By keeping the inode state I_NEW as long as the attributes are not valid
the invalidation can wait until the inode is fully initialized.
Suggested-by: Joanne Koong <joannelkoong@gmail.com>
Signed-off-by: Horst Birthelmer <hbirthelmer@ddn.com>
Signed-off-by: Miklos Szeredi <mszeredi@redhat.com>
Signed-off-by: Sasha Levin <sashal@kernel.org>
---
LLM Generated explanations, may be completely bogus:
Based on my thorough investigation, I will now provide my analysis.
## Phase 1: Commit Message Forensics
**Step 1.1: Parse the subject line**
- Record: subsystem=`fuse`, action="fix", summary="inode initialization
race"
**Step 1.2: Parse tags**
- Record:
- `Suggested-by: Joanne Koong <joannelkoong@gmail.com>` (known FUSE
contributor)
- `Signed-off-by: Horst Birthelmer <hbirthelmer@ddn.com>` (DDN, works
on distributed FUSE)
- `Signed-off-by: Miklos Szeredi <mszeredi@redhat.com>` (FUSE
maintainer)
- No Reported-by, no Link, no Cc: stable, no Fixes:
- Note: "Suggested-by" indicates a reviewer proposed this exact
approach
**Step 1.3: Analyze the commit body**
- Record: Describes a race between `fuse_iget()` and
`fuse_reverse_inval_inode()` where invalidation arrives while inode is
being initialized, causing the invalidation to be lost. The fix keeps
I_NEW set during attribute initialization so invalidation waits via
ilookup5's wait_on_new_inode.
**Step 1.4: Hidden bug fix detection**
- Record: Explicitly labeled as "fix", not hidden.
## Phase 2: Diff Analysis
**Step 2.1: Inventory**
- Record: 1 file (fs/fuse/inode.c), 5 additions, 2 deletions, single
function (`fuse_iget`). Surgical fix.
**Step 2.2: Code flow change**
- Record:
- BEFORE: `if (I_NEW) { fuse_init_inode(); unlock_new_inode(); } ...

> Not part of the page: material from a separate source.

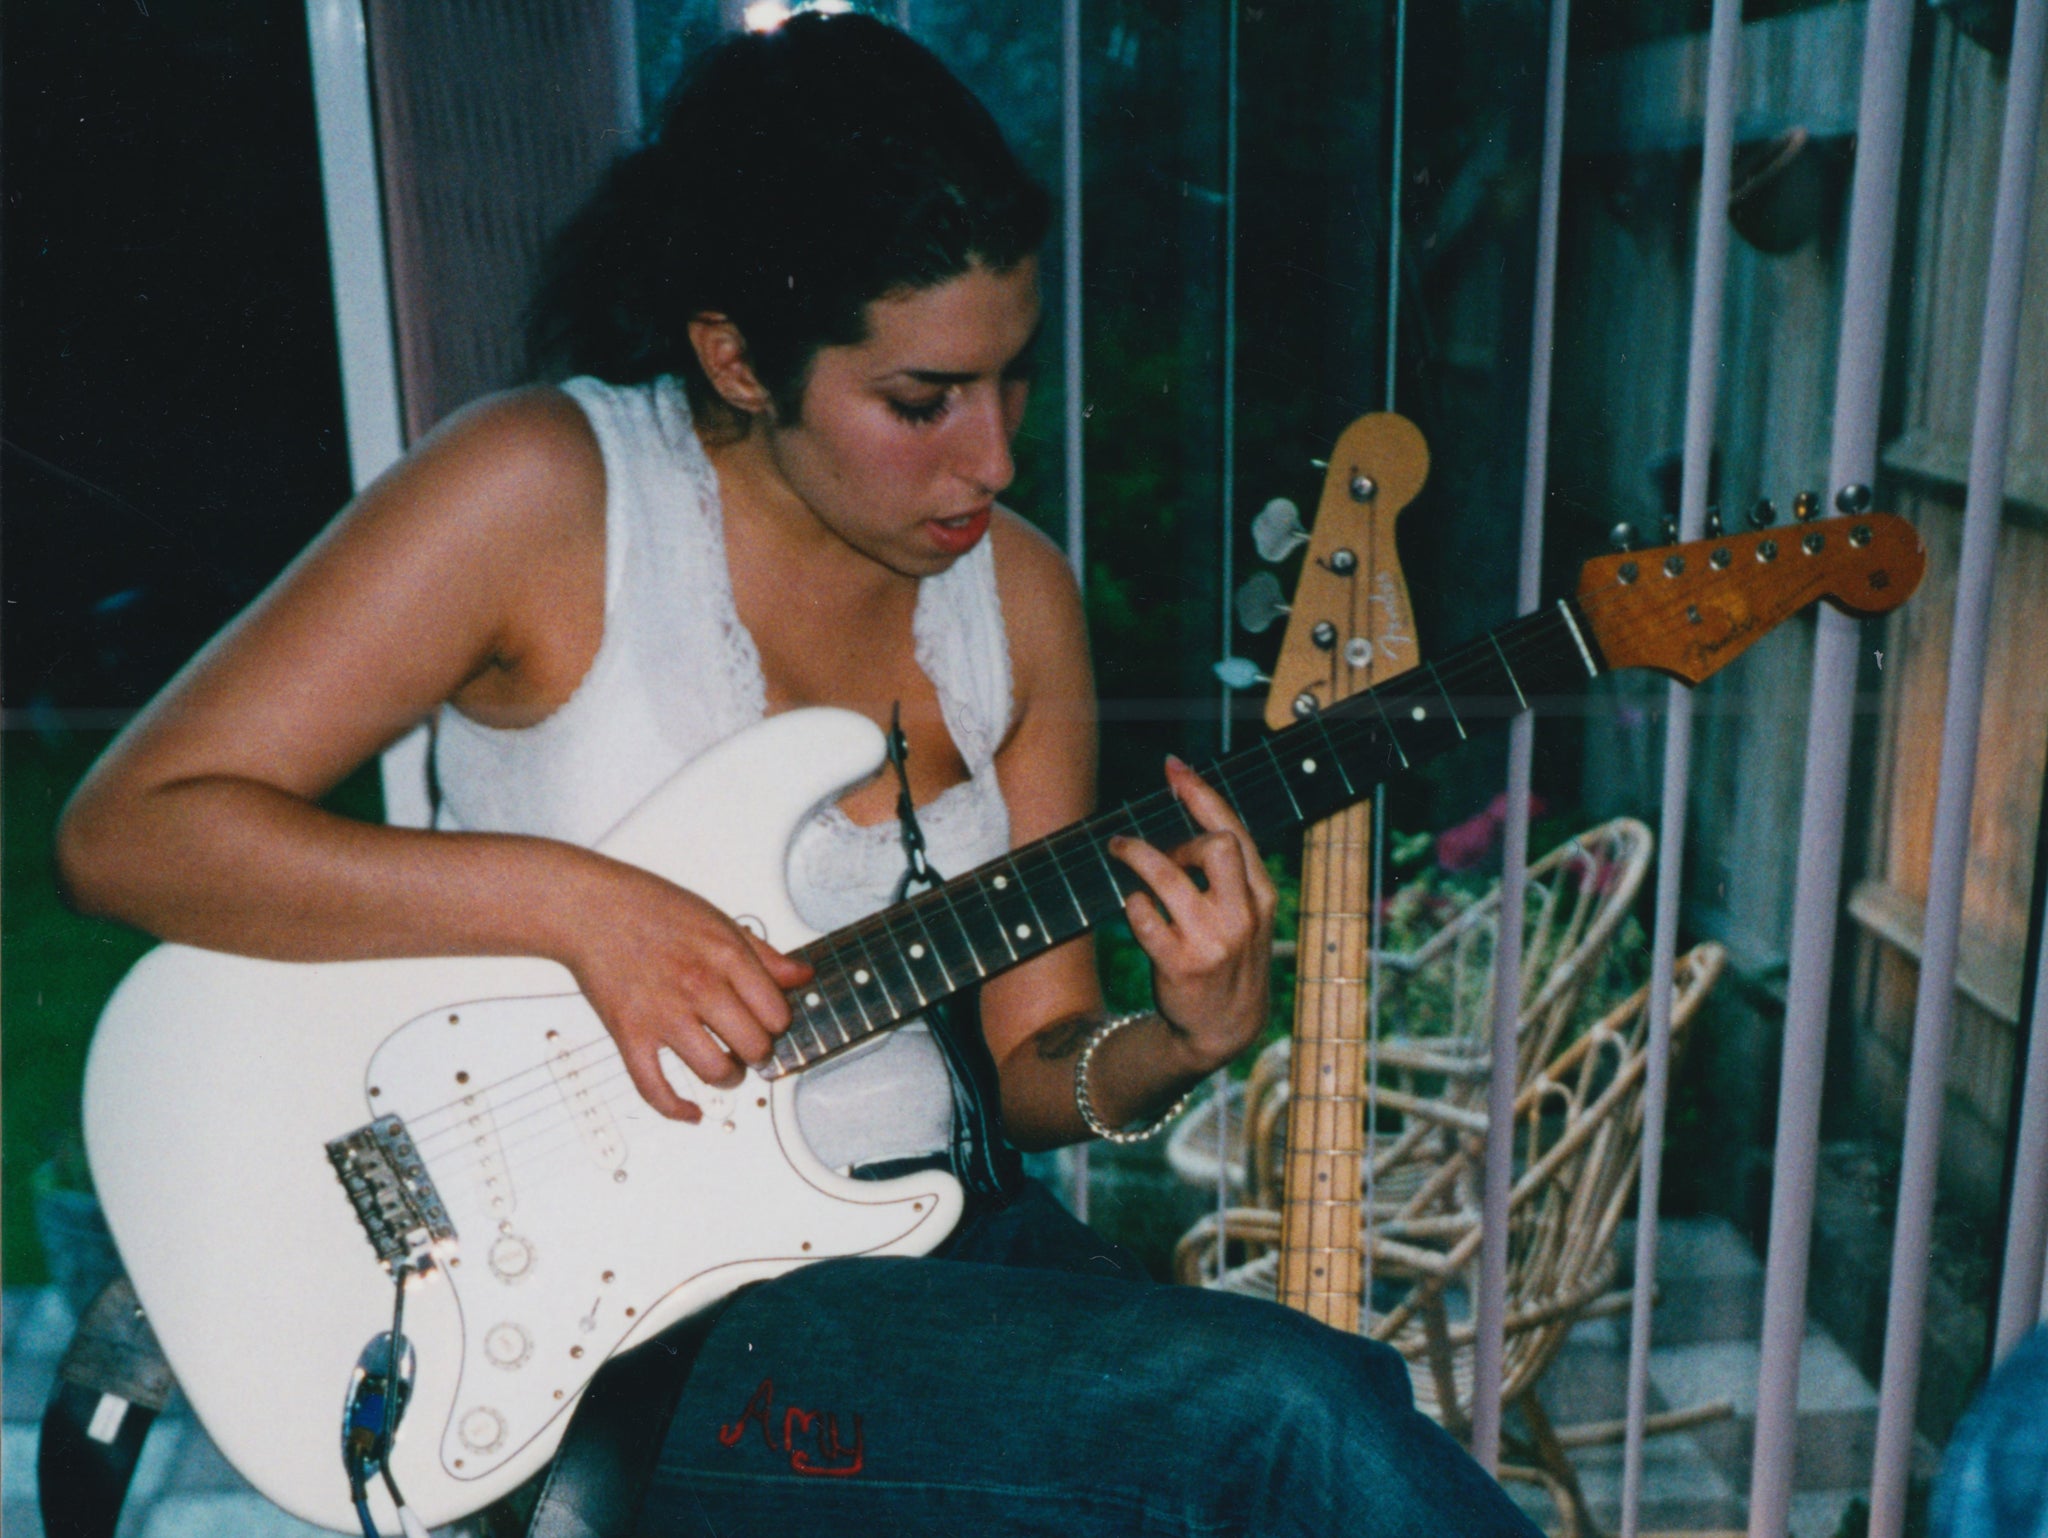 Amy Winehouse as a young girl, playing the guitar at her North London home

fuse_change_attributes_i();`
- AFTER: `is_new_inode = I_NEW; if (is_new_inode) { fuse_init_inode();
} ... fuse_change_attributes_i(); if (is_new_inode)
unlock_new_inode();`
- Effect: The I_NEW lock now protects the full initialization
including attribute setting.
**Step 2.3: Bug mechanism**
- Record: Category (b) synchronization / race condition fix. Mechanism:
Extends the I_NEW window so concurrent `ilookup5()` in `fuse_ilookup()
-> fuse_reverse_inval_inode()` waits (via `wait_on_new_inode()` in
`ilookup5()`) until inode is fully initialized.
**Step 2.4: Fix quality**
- Record: Obviously correct, minimal, no unrelated changes. Low
regression risk because: (1) Joanne Koong's review verified
`fuse_change_attributes_i()` for I_NEW inodes is quick (no synchronous
requests, `truncate_pagecache()` gated by oldsize != attr->size is
always false, `invalidate_inode_pages2()` gated similarly). (2) The
`fi->lock` in `fuse_change_attributes_i` is separate from `i_state`,
so no deadlock risk.
## Phase 3: Git History Investigation
**Step 3.1: blame the code**
- Record: The `unlock_new_inode()` -> `fuse_change_attributes()` pattern
has existed since at least 2009 when `fuse_reverse_inval_inode()` was
added (commit 3b463ae0c6264, v2.6.31). The race pattern is present in
all stable trees.
**Step 3.2: Fixes tag**
- Record: No Fixes: tag. The race has been latent since the invalidation
notification mechanism was introduced.
**Step 3.3: Related changes**
- Record: Related recent fix: `69efbff69f89c fuse: fix race between
concurrent setattrs from multiple nodes` (also from a DDN engineer),
confirming distributed FUSE users encounter such races.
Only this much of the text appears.